TigerIdentity implements CAEP (Continuous Access Evaluation Protocol) to receive and act on real-time security events from identity providers and security tools.

Security Events

Impossible travel, suspicious activity, compromised credentials, and other security signals.

Compliance Events

Termination events, policy changes, and compliance-related triggers.

Risk Events

Risk score changes, device compliance violations, and contextual risk signals.

Key Capabilities

  • Standard CAEP (RFC 8935) event format
  • Automatic session revocation based on events
  • Event correlation and deduplication
  • Custom event handlers and webhooks
  • Full audit trail of event processing

Access Request Flow

Here's what happens when a principal requests access to a resource.

1

Request Received

Application makes a decision API call with principal, resource, action, and context.

2

Identity Resolution

TigerIdentity resolves the principal identity, group memberships, and attributes from the Identity Fabric.

3

Policy Matching

The Decision Engine finds all policies that apply to this principal, resource, and action combination.

4

Condition Evaluation

Each policy condition is evaluated against the current context (time, location, MFA status, risk score, etc.).

5

Decision Rendered

A final allow or deny decision is returned based on policy priority and conflict resolution rules.

6

Session Created

If allowed, a session is created with the specified TTL and registered for continuous evaluation.

7

Continuous Monitoring

CAEP events are monitored for changes that might invalidate the session (security events, policy updates, etc.).

8

Automatic Revocation

If conditions change or TTL expires, the session is automatically revoked and the application is notified.

Example Scenario

Let's walk through a complete example to see how these concepts work together.

Principal

Alice, a DevOps engineer, is a member of the "engineering" group in Okta.

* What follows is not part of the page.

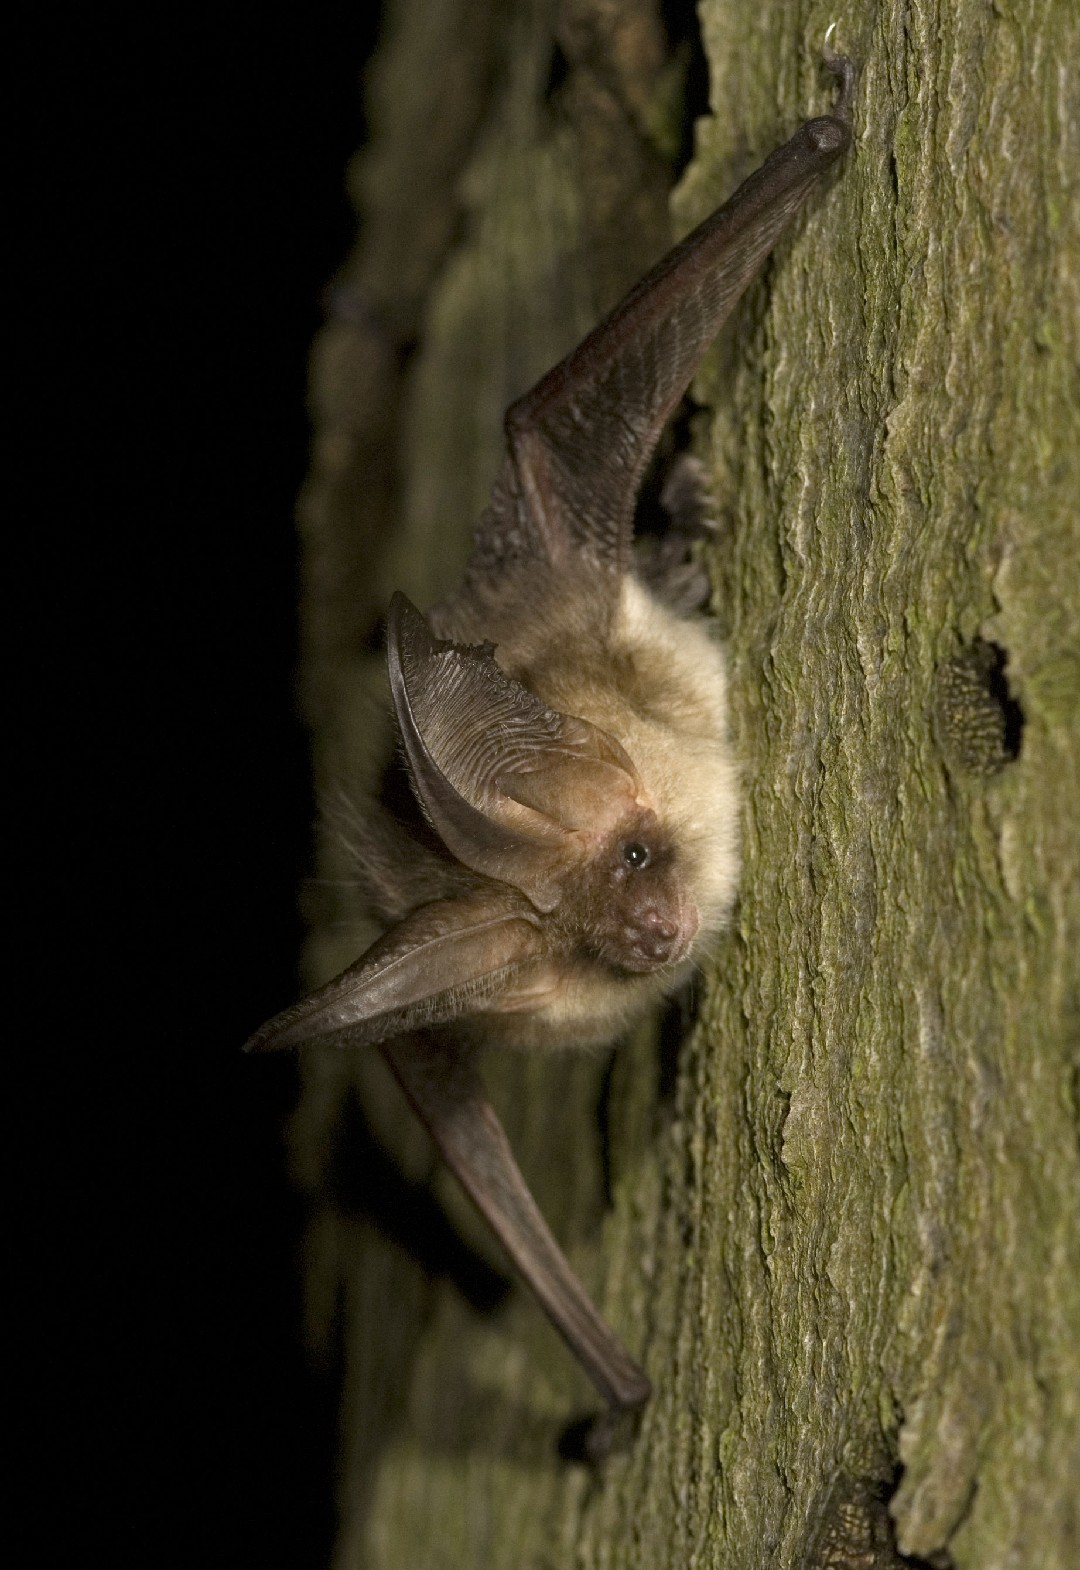 Long-eared bats (Plecotus)

She has completed MFA 10 minutes ago and is working from a managed MacBook Pro.

Resource

PostgreSQL production database ("prod-postgres") tagged with environment=production and sensitivity=high.

Policy

Engineering database access policy allows engineers to read/write production databases during business hours (9-5 PT) with recent MFA, 8-hour session limit.

Decision

Alice requests write access at 2:00 PM on Tuesday. All conditions satisfied: business hours, recent MFA, managed device. Access ALLOWED for 8 hours.

Continuous Evaluation

At 6:00 PM, a CAEP event arrives: "impossible travel" detected for Alice's account. TigerIdentity automatically revokes all active sessions and notifies the application.

Zero Standing Privilege in Action

Alice never had "standing access" to the production database. Access was granted just-in-time when needed, would have expired after 8 hours, but was automatically revoked in 4 hours when suspicious activity was detected. No manual intervention required.